Arrivano quindi i Tamuna, band palermitana che è già una realtà nel mondo della musica italiana e non solo: il loro “woodrock”, “rock di legno”, come loro stessi lo definiscono per via della prevalenza acustica dei suoni, ha ben presto superato i confini nazionali. Da noi si sono fatti valere al festival di world music Premio Andrea Parodi, assicurandosi il Premio della Critica e quello per i Migliori Interpreti, e ora sono qui con “Accussì”, un bel pezzo d'atmosfera, pop elegante e un po’ d’antan, ben suonato e ben cantato. Ultima concorrente a esibirsi è Samuela Schilirò, che con un rock dal titolo “Niente che non sia tutto”. Mentre la giuria è al lavoro, vengono consegnati altri premi. Quello per la Sezione Poesia è stato conquistato da Teo Manzo con i versi di “Il parere degli zitti”. Molto interessante sottolineare che Teo Manzo è un cantautore (e finalista, in quella veste, in altri Premi), ad avvalorare l’importanza dei testi nei suoi lavori musicali. Ancora, il Premio Pittura, dedicato ad artisti invitati a rappresentare una canzone di Fabrizio De Andrè, viene consegnato a Luca Pontassuglia. 

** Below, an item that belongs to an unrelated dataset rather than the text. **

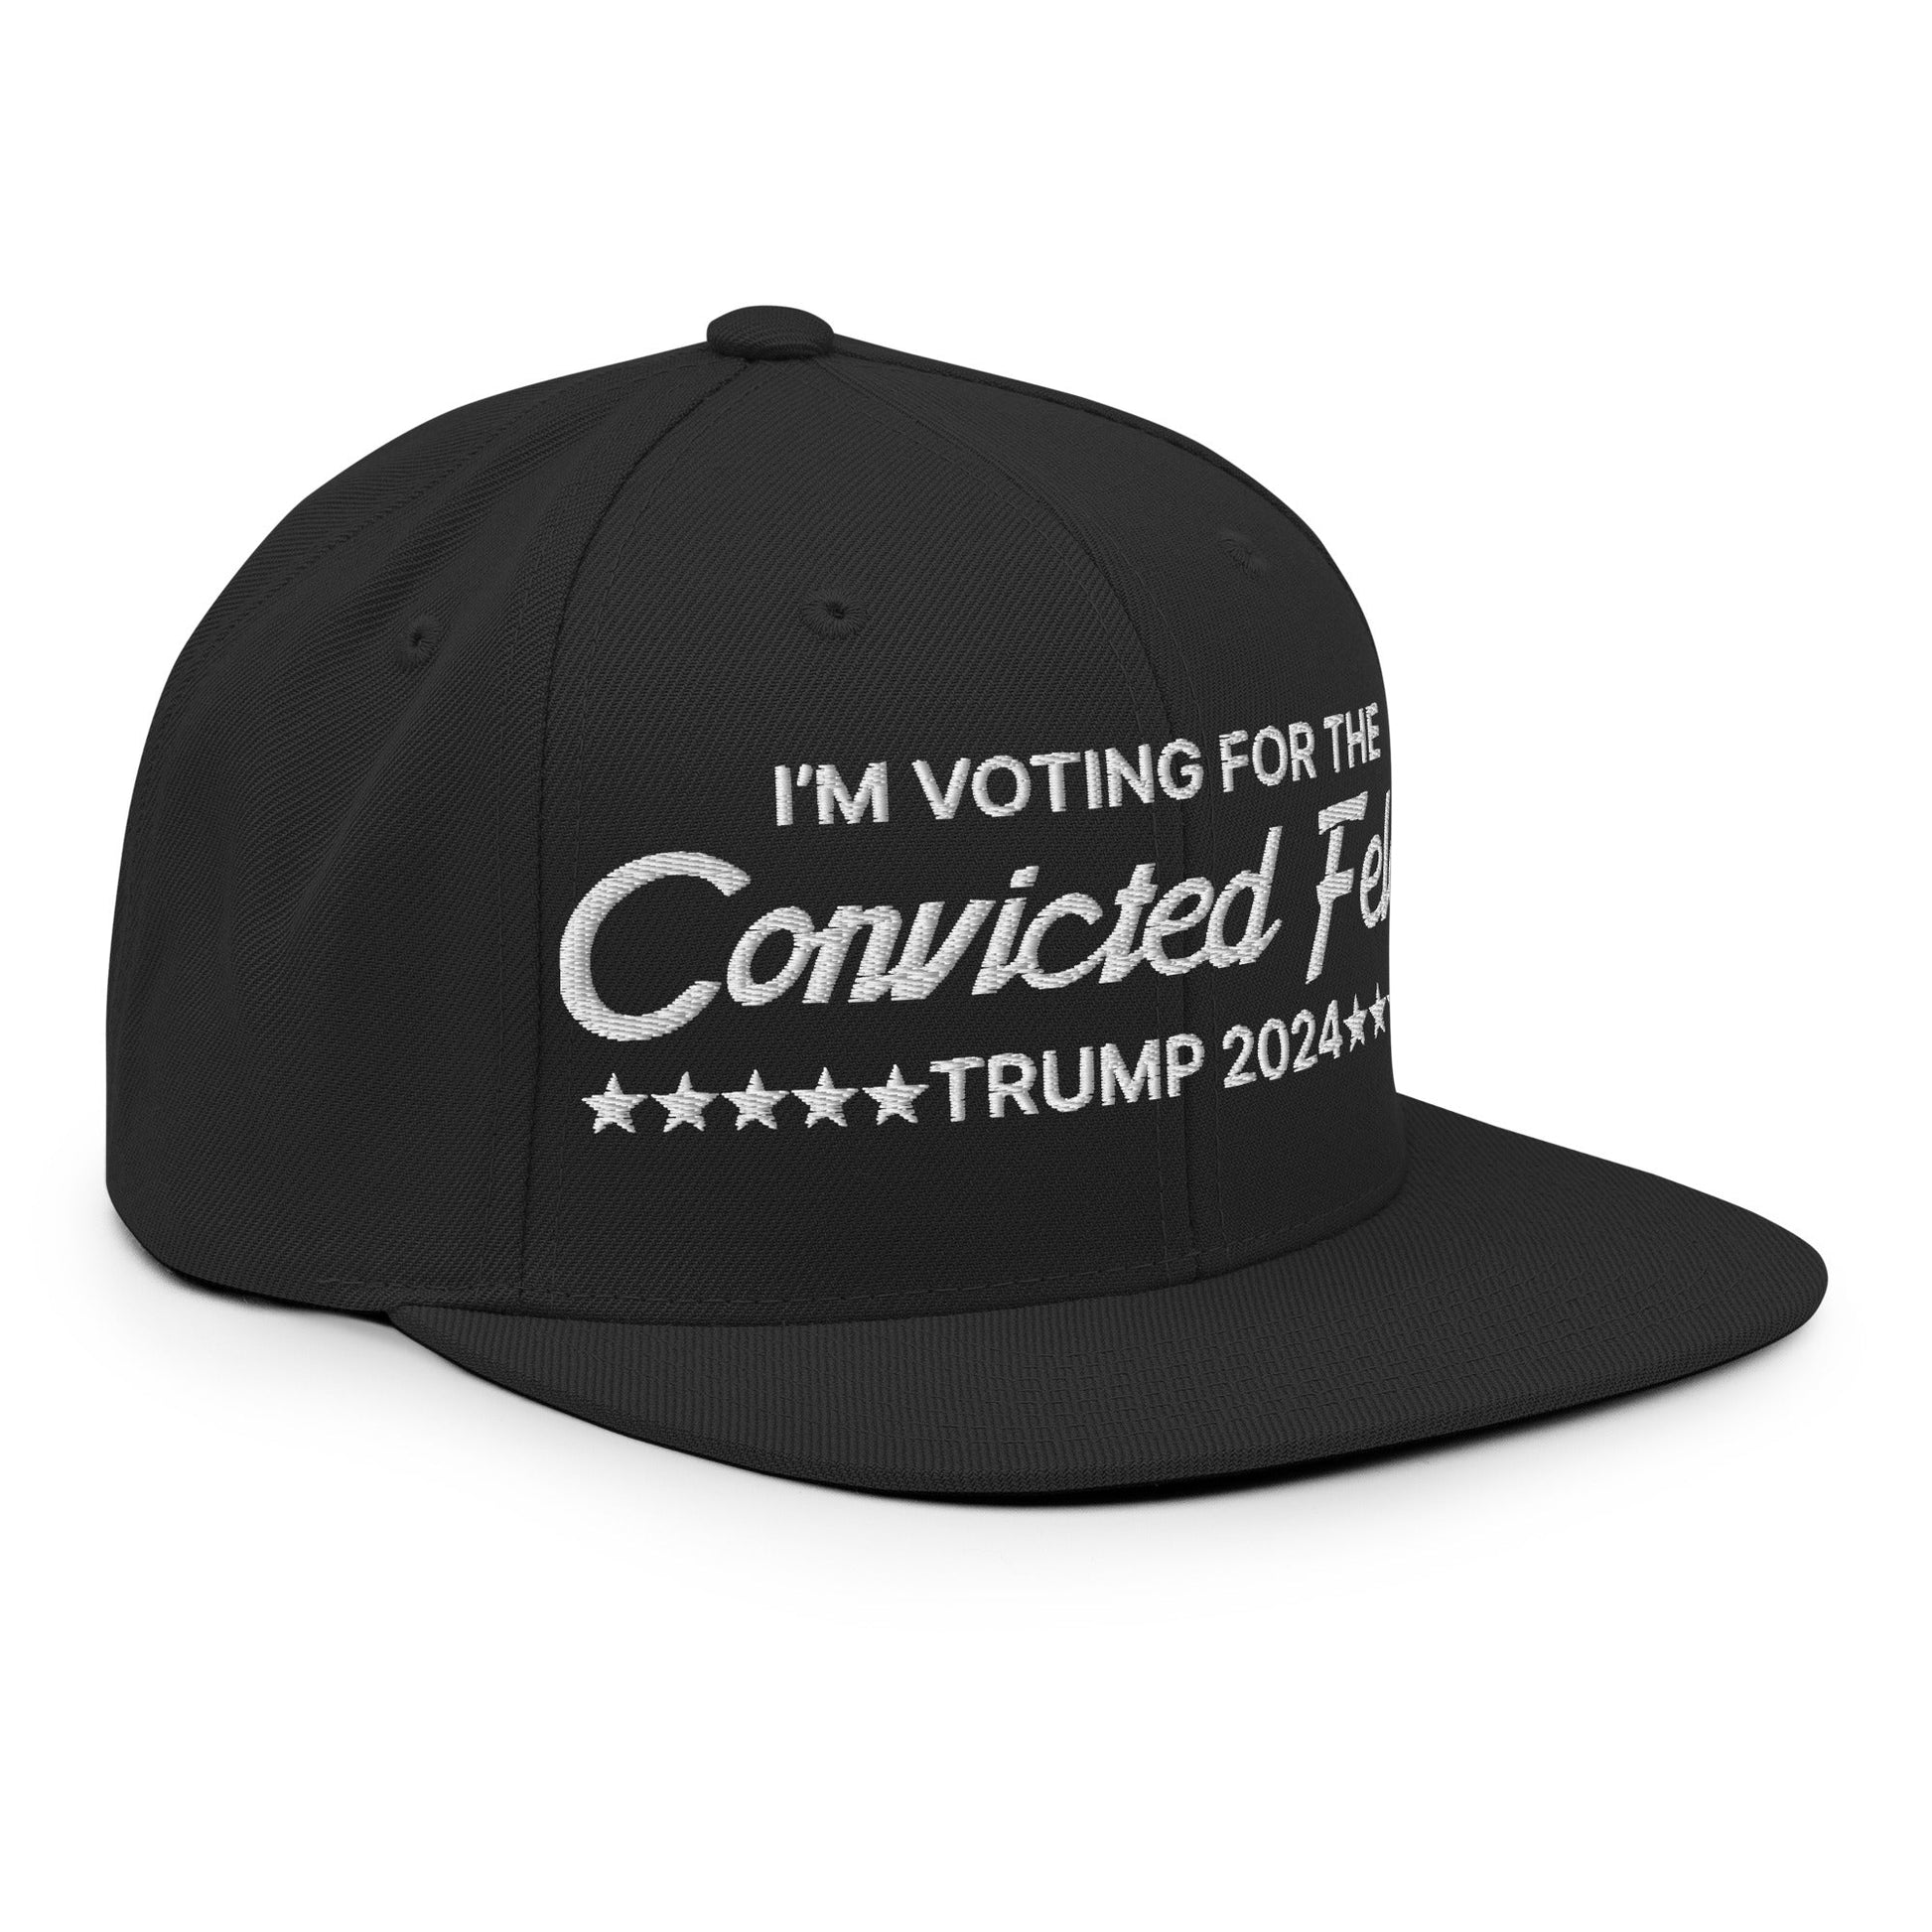 I'm Voting For The Convicted Felon Trump 2024 Snapback Hat Black
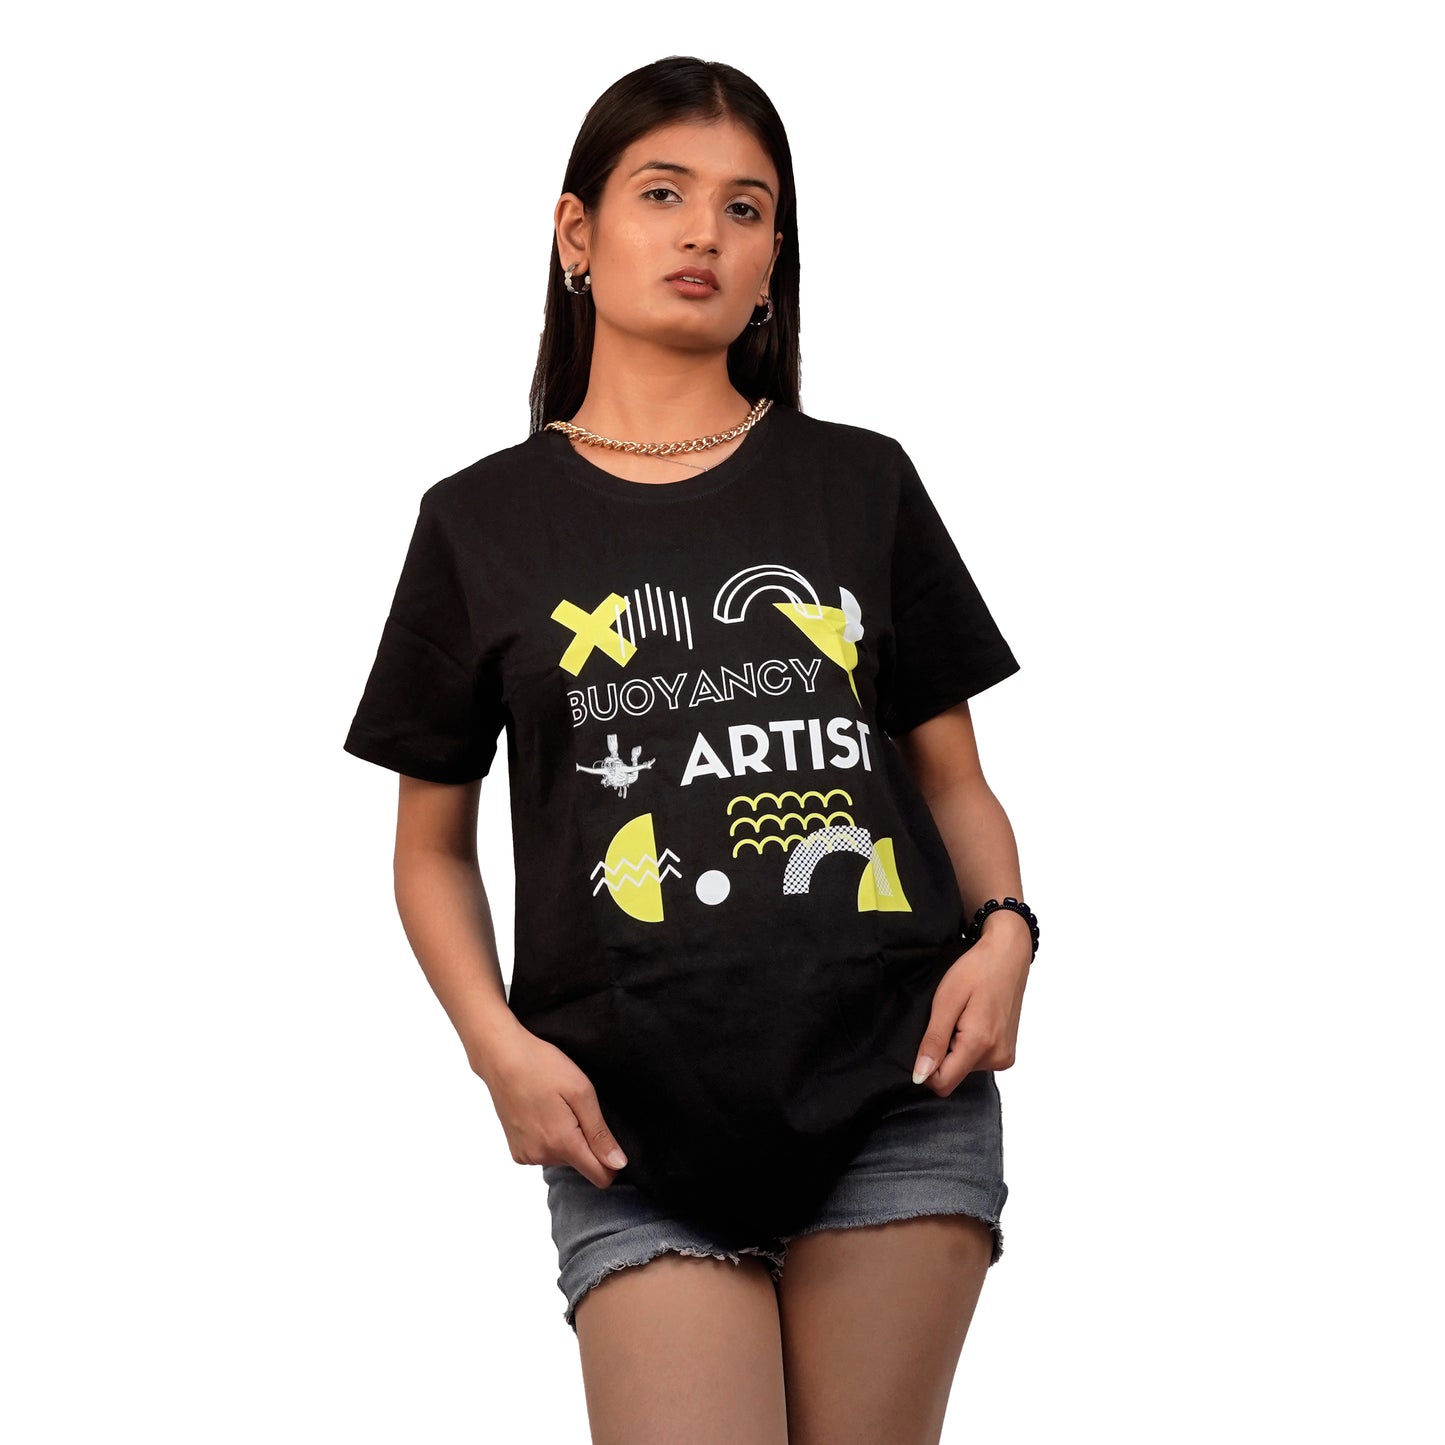 Buoyancy Artists T-shirt In Black Color For Women

Di grande successo è l’esibizione del rapper nostrano Clementino, che riceve qui il Premio per la Reinterpretazione dell’opera di Fabrizio grazie alla sua versione di “Don Raffaè”, mentre il Premio alla Carriera di quest’anno è per i Negrita, che scelgono un set acustico di chitarre e armonica a bocca per cantare due loro successi, “Ho imparato a sognare” e “Rotolando verso Sud”. Finalmente, viene letto il nome del vincitore: è la band dei Tamuna. Dori Ghezzi la invita sul palco a ricevere il premio e a reinterpretare il bano vincitore, ma anche un altro a loro scelta: si rivelano qui ancora di più una band completa, proponendo un pezzo molto diverso da quello in gara, più ritmato – vero woodrock, in effetti – che riesce a coinvolgere il pubblico con una bella energia e inventando un finale davvero degno per questa chiusura del sipario.